Marcela Aparecida Drehmer Andrade – CFO and IRO: Okay, Frank, regarding CapEx. What we had is some concentration in the first quarter and also in the second quarter probably because we have finalized the two plants the Butadiene 1 and the PVC. PVC we will start up the plant this month and Butadiene on July, so we will see some concentration in the first half of this year and then slowdown in the second semester. So, we still have the same expectation regarding CapEx which is R$1.7 billion for the full year.

Current Level of Spreads

Paula Kovarsky – Itau BBA: Two questions here. The first one is a little bit more general. Fadigas, could you just share with us a little bit of your views looking at spreads in the next couple of quarters?

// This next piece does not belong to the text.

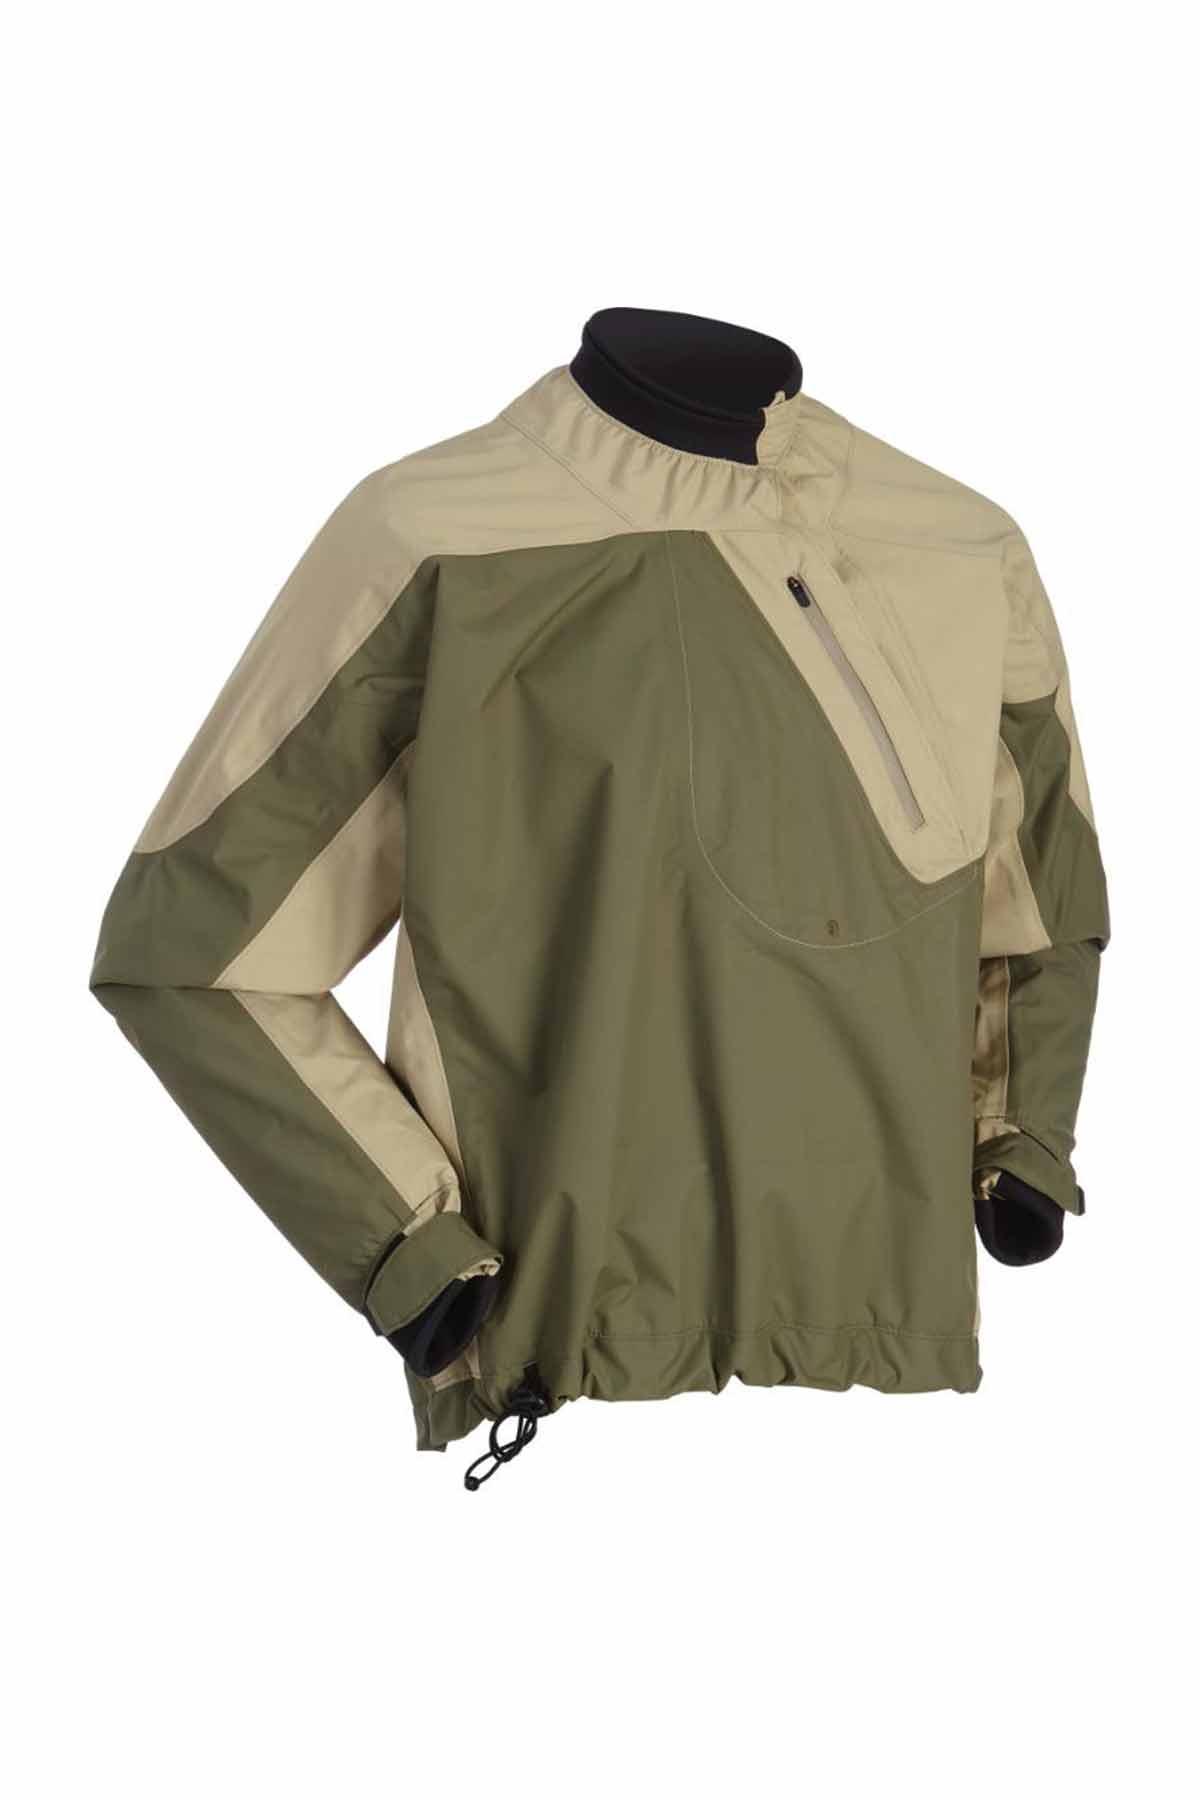 Immersion Research Zephyr Splash Jacket Winter Moss

I mean, we’ve observed some easing of oil prices in the absence of May news coming from the Middle East, which probably allowed the market to realize that 125 was probably too much for the current level of global economy, but what we have been observing is that resin prices started to go down as well, same for co-products. So, what’s your view in terms of current level of spreads? Shall we expect them to compress, is this a sustainable level, how do we see this evolving until the end of the year, assuming oil prices stay more or less where they are? Then the second question is a little bit more specific regarding the benefit of the Reintegra, which was approximately 50 million in this quarter, is this the level of recurring benefits of Reintegra that we should assume going forward or how long will you be getting those benefits, just if you could give us a little bit of color on how to forecast that going forward?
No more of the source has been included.